Chickens farmed for meat are called broilers. Chickens will naturally live for six or more years, but broiler breeds typically take less than six weeks to reach slaughter size. A free range or organic broiler will usually be slaughtered at about 14 weeks of age. Chickens farmed primarily for eggs are called layer hens.
British Agriculture ensures that all animals bred for the table are subject to the highest of welfare standards, this is continually monitored and is reaching new heights all the time.

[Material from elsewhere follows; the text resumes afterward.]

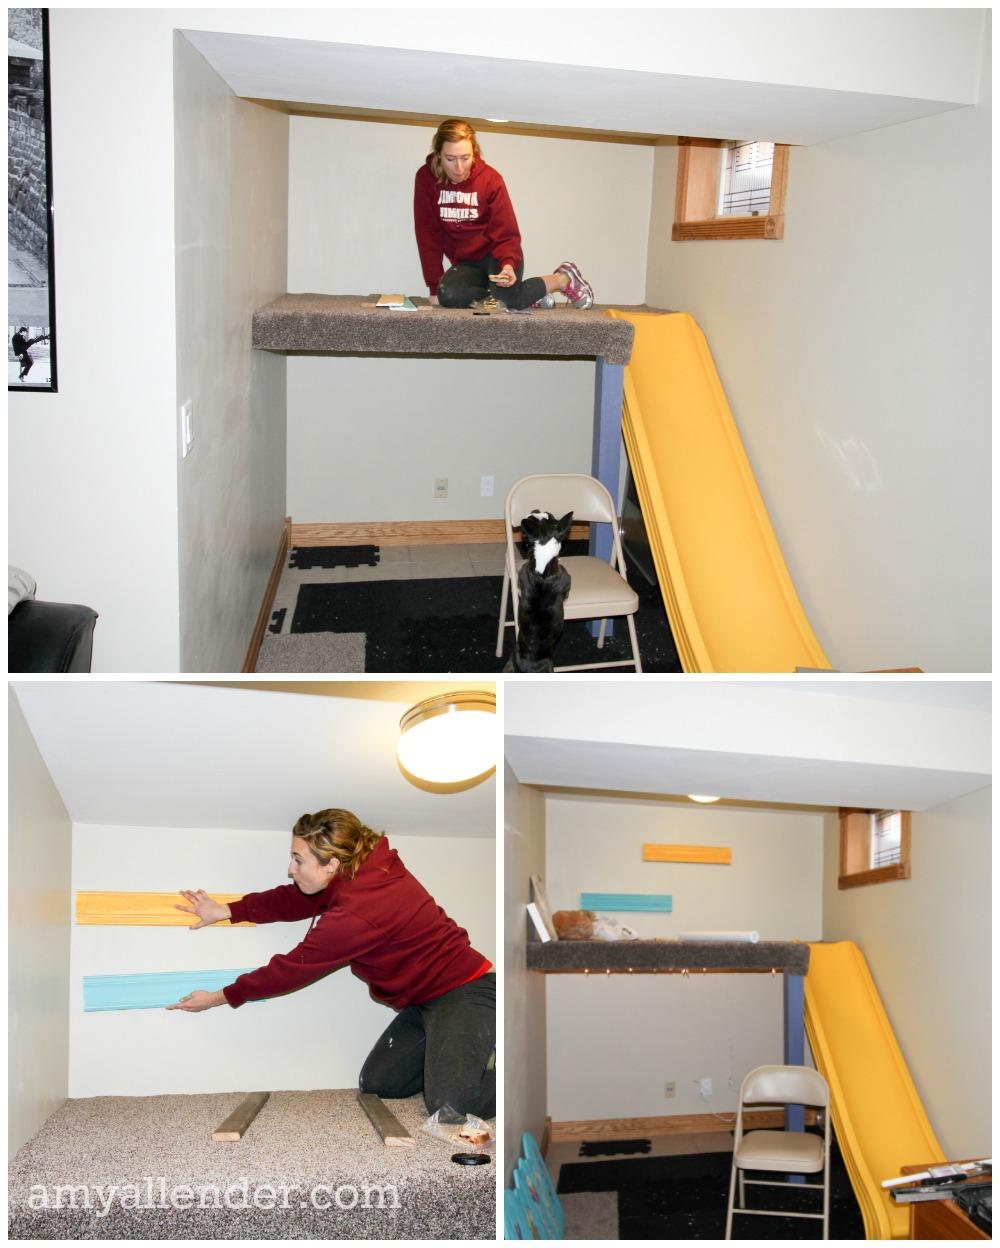 Diy Playroom Loft Amy Allender
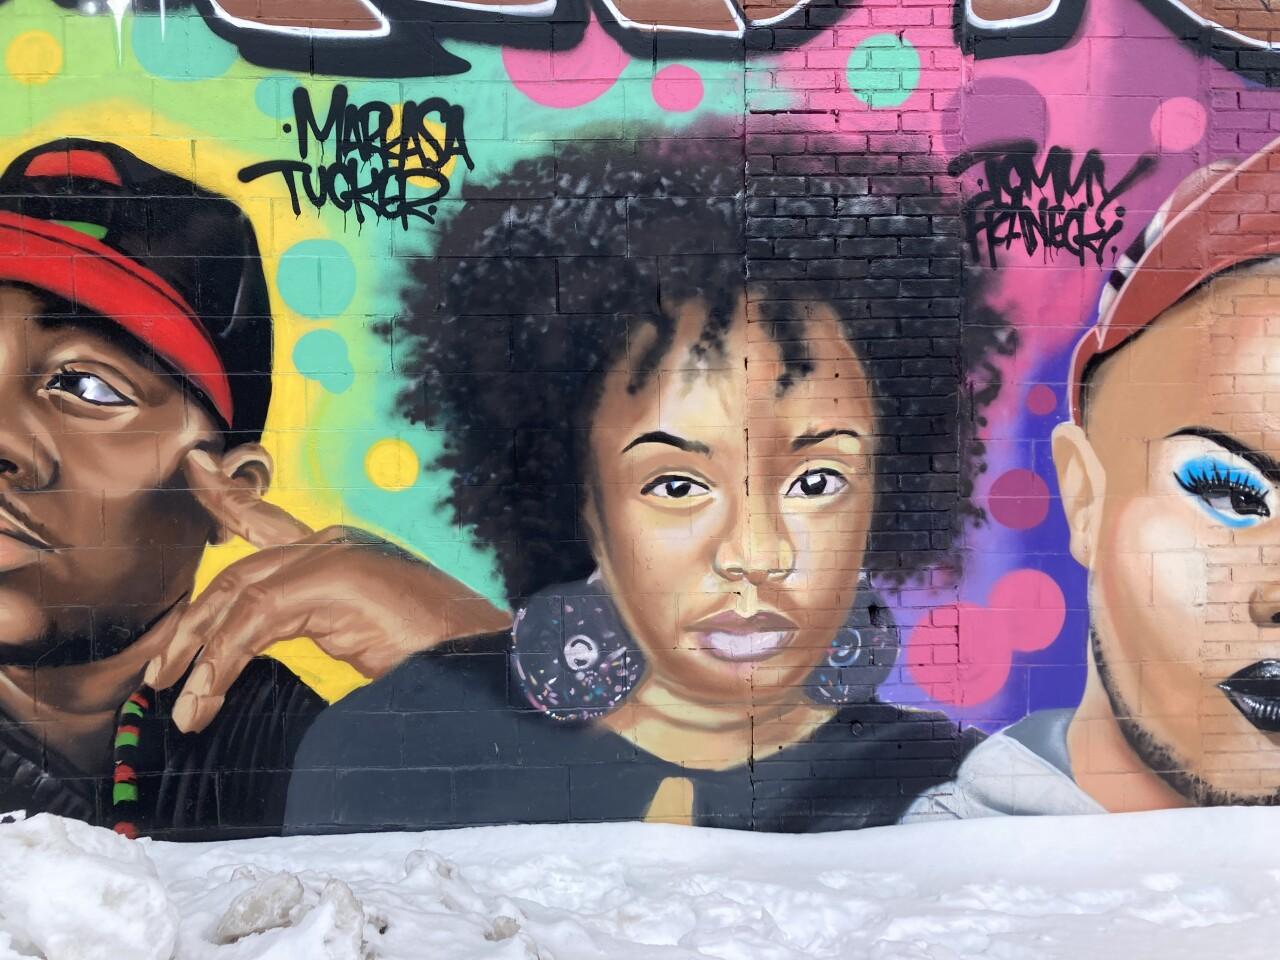 Markasa Tucker on the Activist Mural near 14th & Vliet

Agricultural Shows help showcase this and explain further. We have 5 coming up in the next few weeks in the area:
Malton Show – 1st July
Great Yorkshire Show – 10th – 12th July
Driffield Show – 18th July. A particular highlight is The Sheep Show where he showcases the Sheep and they “Dance”
Ryedale Show – 31st July
Thornton le Dale Show – 12th August.
Animal husbandry teaches kids empathy, care, awareness of illness & disease, effects of heat & cold – eg dogs in cars, handling, confidence and brings them closer to nature – whether it be a goldfish, a dog or a flock of sheep. Caring for animals are a great way to teach life lessons (positive and negative) to kids in a gentle and engaging way.